Adaptable stirred-tank culture strategies for large scale production of multicellular spheroid-based tumor cell models

• Platform for generation of multicellular tumor spheroids in stirred-tank culture systems.
• High number of spheroids per run for feeding high-throughput screenings in pre-clinical research.
• Cells from distinct oncopathologies successfully aggregated and cultured by standardized protocols.
• Tumor spheroids with different morphologies (spherical and irregular) and size can be produced by manipulation of hydrodynamic conditions in the stirred-tank culture systems.
• Co-cultures with fibroblasts were also demonstrated with or without physical support from hydrogels.

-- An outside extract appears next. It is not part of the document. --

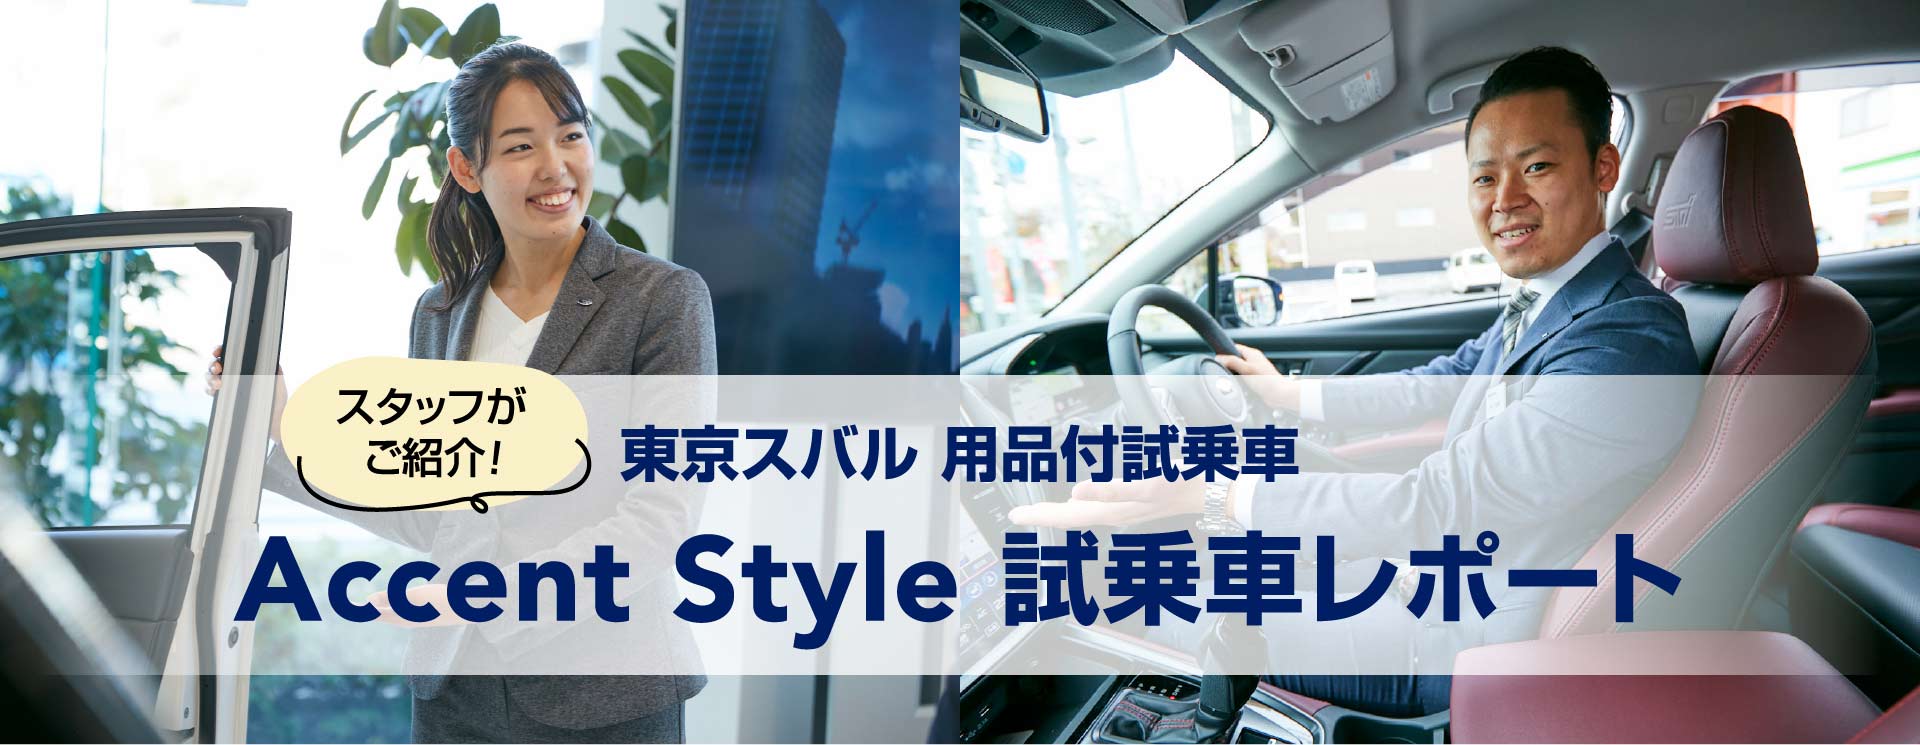 スタッフがご紹介 東京スバル 用品付試乗車 Accent Style 試乗車レポート
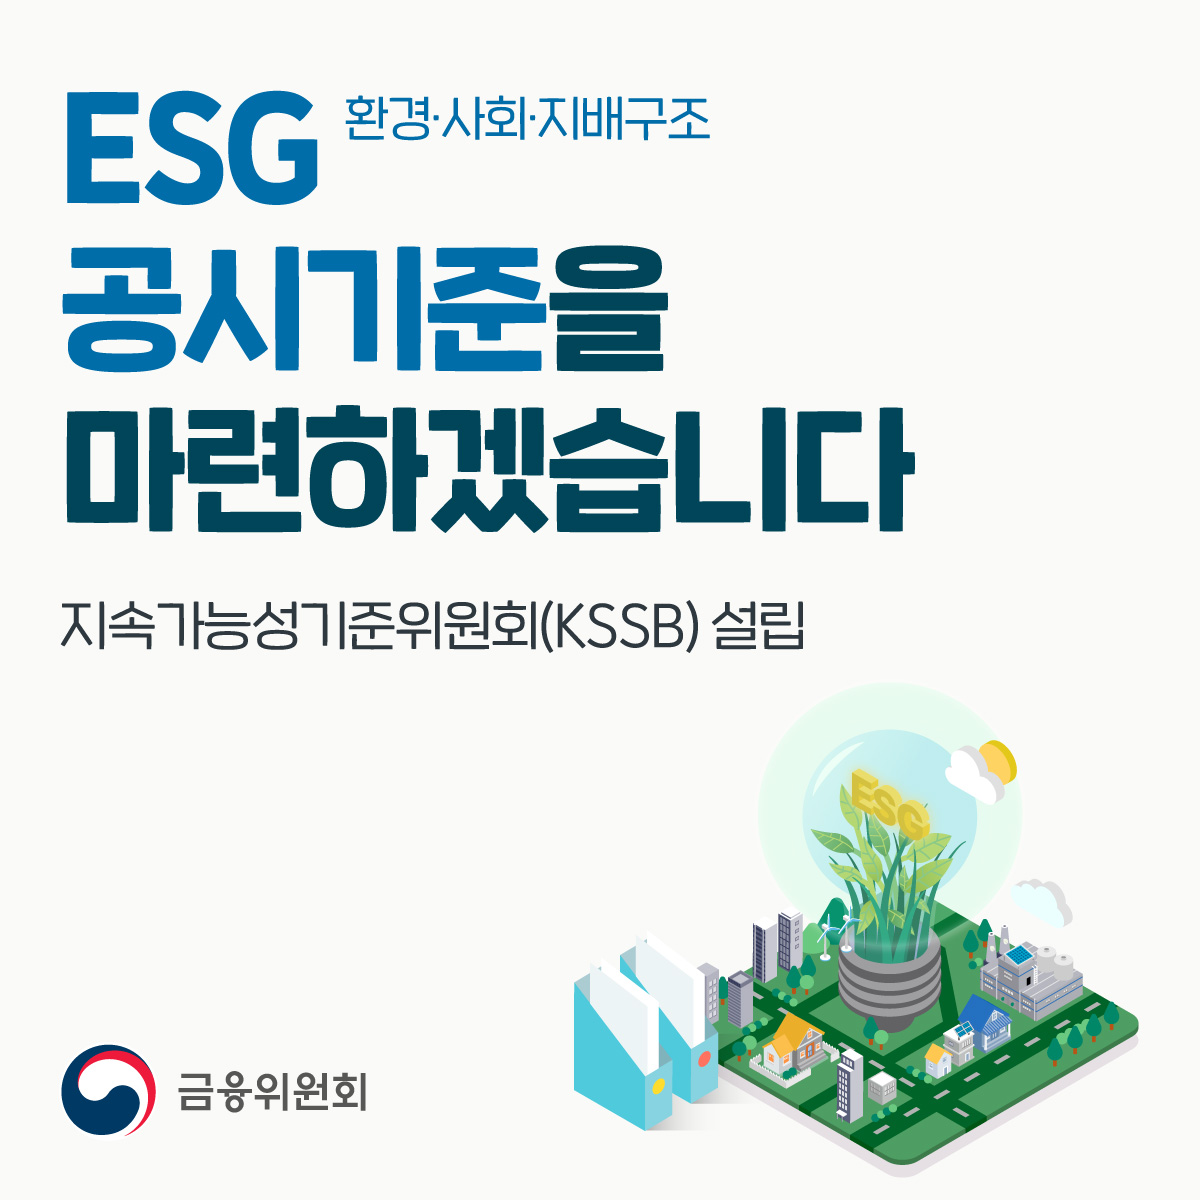 ESG 환경·사회·지배구조 공시기준을 마련하겠습니다. 지속가능성기준위원회(KSSB) 설립

Currently there is an effort toward the development of in vitro cancer models more predictive of clinical efficacy. The onset of advanced analytical tools and imaging technologies has increased the utilization of spheroids in the implementation of high throughput approaches in drug discovery. Agitation-based culture systems are commonly proposed as an alternative method for the production of tumor spheroids, despite the scarce experimental evidence found in the literature. In this study, we demonstrate the robustness and reliability of stirred-tank cultures for the scalable generation of 3D cancer models. We developed standardized protocols to a panel of tumor cell lines from different pathologies and attained efficient tumor cell aggregation by tuning hydrodynamic parameters. Large numbers of spheroids were obtained (typically 1000–1500 spheroids/mL) presenting features of native tumors, namely morphology, proliferation and hypoxia gradients, in a cell line-dependent mode. Heterotypic 3D cancer models, based on co-cultures of tumor cells and fibroblasts, were also established in the absence or presence of additional physical support from an alginate matrix, with maintenance of high cell viability. Altogether, we demonstrate that 3D tumor cell model production in stirred-tank culture systems is a robust and versatile approach, providing reproducible tools for drug screening and target verification in pre-clinical oncology research.